Tag Archives: consensual

Justice Minister Kenneth Clarke and “normal” rape

I should start this by saying I have known three women who were raped.

I have worked with two; and a girlfriend of mine had been raped in her early teens.

I may be biased because I think Labour leader Ed Miliband is a twat, but I’m more disgusted with him trying to make political capital out of rape than with Justice Minister Kenneth Clarke’s comments on rape sentencing – at least from the relevant excerpts I’ve heard and seen of what Ken Clarke actually said – as opposed to what he is implied to have said.

What seems to have happened is that he was defending government plea-bargaining proposals which would offer a 50 per cent reduction in sentences (instead of the current one third reduction in sentences) in return for an early guilty plea for various serious offences including rape.

When challenged about the seemingly low average sentence for rape at the moment, Clarke mentioned that the average includes cases which involve teenagers having consensual sex with each other if the girl is under 16. The example he gave was of an 18 year old boy having sex with his consenting 15 year old girlfriend. Even though she perfectly happily consents, that is legally rape because she is below the age of consent… but that specific boy is likely (quite rightly, I think) to get a lower sentence than some Neanderthal scumbag guilty of what most people would think of as what Clarke called “serious rape, with violence and an unwilling woman”.

I think he is quite right that most people would accept a boy of 16 years and 1 month having sex with a consenting girlfriend of 15 years and 11 months should get a lesser sentence for rape than what people would think of as a ‘normal’ case of a man raping a woman… because it is a ‘different’ type of rape.

The fact that the use of the words ‘normal’ and ‘different’ can be twisted and misconstrued by quoting that sentence out of context exemplify how difficult it is to talk about rape.

Ken Clarke also foolishly said something along the lines that date rape cases can be “complicated” though, indeed, they can be. And he is right that average sentences (which is what he was being asked about) are affected by individual case circumstances because some cases deserve longer sentences than others. In that sense, there are, indeed, ‘different types’ of rape deserving different lengths of sentence. It is not that some cases are less serious but that some cases are nastier.

I asked a female friend about this and she thought that, perhaps, a teenager having consensual sex with a girl under 16 could be legally called something other than “rape”: perhaps ‘unlawful sex’. But it would be very difficult to draft that into Parliamentary legislation because how could you possibly separate a 45 year-old man preying on a 10 year-old girl from a 16 year-old having consensual sex with his 15 year-old girlfriend?
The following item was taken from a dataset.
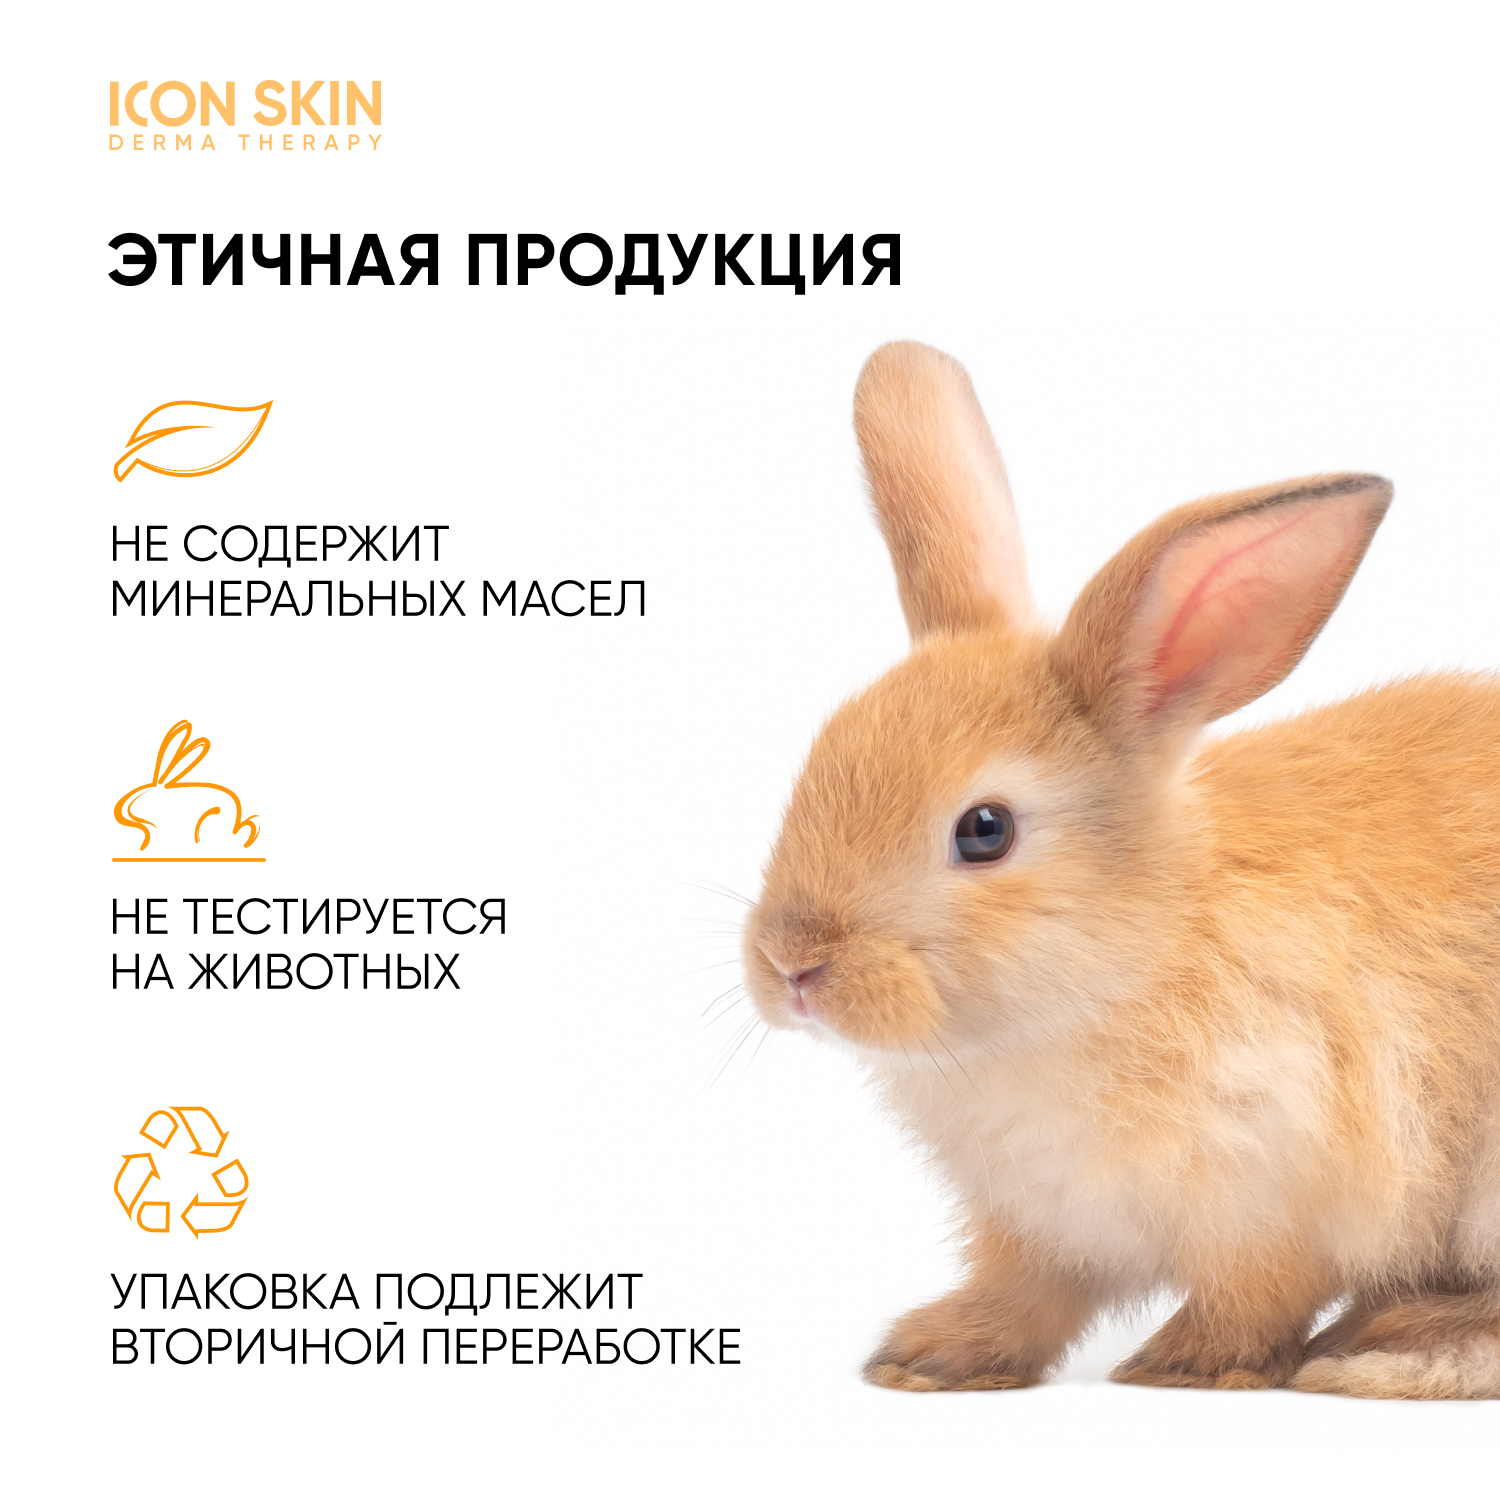 Солнцезащитный крем для лица ICON SKIN SPF 50 увлажняющий для всех типов кожи 50 мл - фото 7
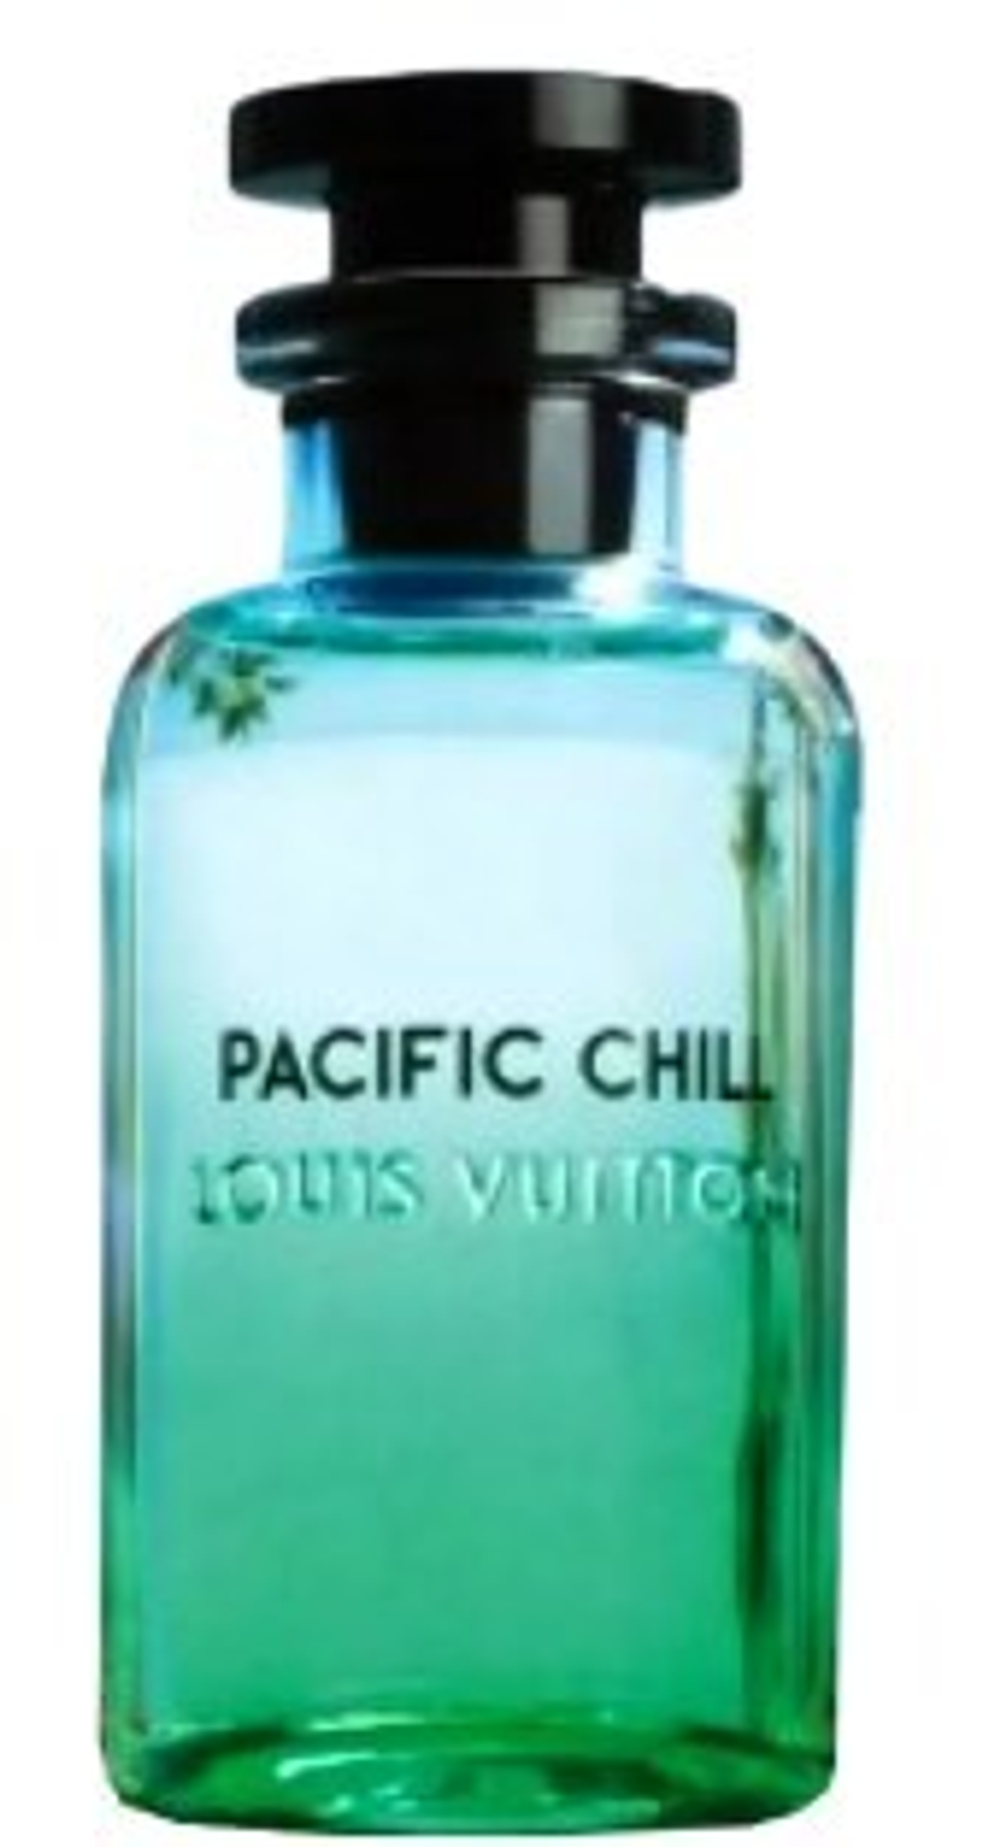 Louis Vuitton Pacific Chill EDP - купить по выгодной цене

At what point would it change over from a crime of “unlawful sex” to the much worse “rape”? Is the sex performed by a 17 or 25 year-old less predatory than that performed by a 35 or 45 year-old? And at what point is “consensual” relevant? 15? 14? Parliament has decided 16 is the cut-off point. I think in most states in the US it is 18. In Italy, it is much more complicated, as the Silvio Berlusconi case (which I blogged about three months ago) shows.

It is almost impossible to legislate for ‘different types’ of unlawful sex.

But the sight and sound of Labour politicians trying to make political capital out of a very serious matter – trying to score sixth form public school Debating Society type points off each other – is an unedifying spectacle. Far moreso than Ken Clarke making a valid point.

On the other hand, I’m not sure it is particularly edifying to have the government give accused people 17% lower sentences (50% instead of 33%) if they plead guilty early… just to save money.

I’m also not clear if, under the proposals, people would get a 50% reduction for pleading guilty plus the normal (I think it’s) 50% time off for good behaviour… That would mean someone facing a 16 year sentence would get an 8 year sentence and be out in 4 years with good behaviour… a 75% reduction in sentence.